I received an advanced copy of this book to give an honest review. I am not in the medical field and everything in this book is understandable and enlightening. America's healthcare needs a change, and I think that this book could help us change America's healthcare system for the better. I encourage you all to read it, even if you are not in the medical field.

 Adrienne

  Innovation book on the health system

Such a wonderful and innovative look at our health care system. The combination of experts from the psychiatric and labor community make you wonder why this model isn't' be adopted nation wide. For a non professional in this field, this book was an interesting and easy read. I recommend it to everyone who cares about our health care system and who would to see the inequities change.

 Leora Kahn

  How collaboration at all levels can be a force multiplier for an organization

This is a must-read for every thoughtful management and labor health care leader today. Through successful case examples, this book demonstrates how we can both lead and follow proven pathways for resolving the vexing problems care givers and managers alike face daily in their struggle to offer their best to patients and families. After years of health care and labor-management relations experience, I can confidently recommend From the Ground Up as both timely and indispensable.

Joel Fadem

SPRING Network, formerly UCLA Institute for Research on Labor & Employment and Anderson School of Management

Healthcare Leaders need to read this book .....

Our current pandemic has revealed significant flaws of our healthcare delivery system. Healthcare leaders responsible for policy and strategy now need to accelerate their ability to innovate in order to resolve significant problems in terms of the access and quality of care. Lazes’ and Rudden’s new book, From the Ground UP, provides a practical and important roadmap for achieving needed changes by engaging frontline staff in activities to restructure our current delivery systems and optimize the use of new technologies ---a must read for both management and union healthcare leaders.

Stu Winby

CEO - SPRING Network

Solving Care Quality and Systemic Problems in America’s hospitals (and beyond)
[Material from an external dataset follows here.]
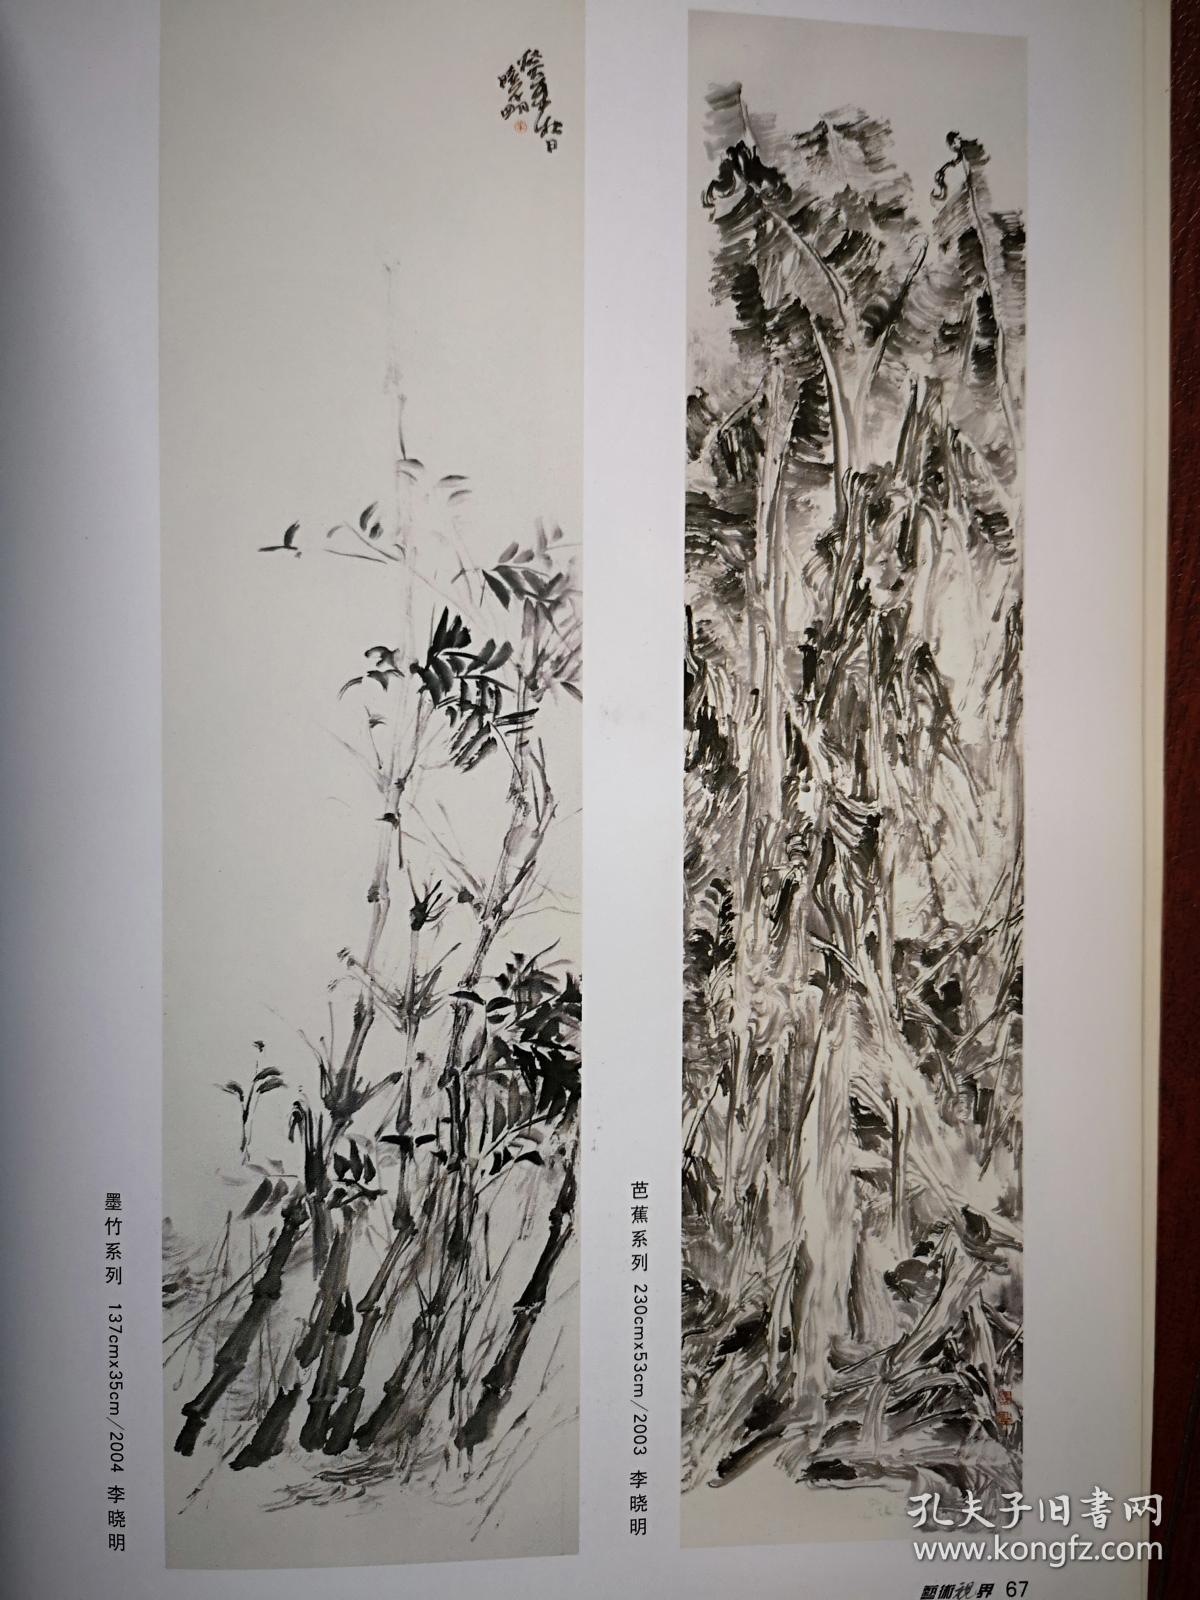 彩铜版美术插页（单张），李晓明水墨画《墨竹》《芭蕉》

“From the Ground Up provides a roadmap for how Labor-Management Partnerships (LMPs)  work, describing essential core practices for their success. Involving all constituents in a well-structured analysis of organizational problems, unit by unit, LMP’s allow groups of managers, administrators, and staff to develop and implement solutions to their pressing quality of care or production issues. In healthcare, Labor-Management Partnerships have improved patient care, controlled costs, and helped to create more meaningful work for frontline clinicians in a variety of settings.”

Porchlight – December 2, 2020

 Forskningpolitikk quarterly review 9, November 2020

(an Norwegian journal discussing focusing on issues of innovation and education)

The book (From the Ground Up) sheds light on the experiences of successful collaborative projects in American healthcare organizations… How managers, union leaders and frontline staff have created common learning arenas and developed joint cooperation.

The book clearly describes the need for healthcare workers to be involved in resolving workplace problems together for the benefit of patients, employees, and managers.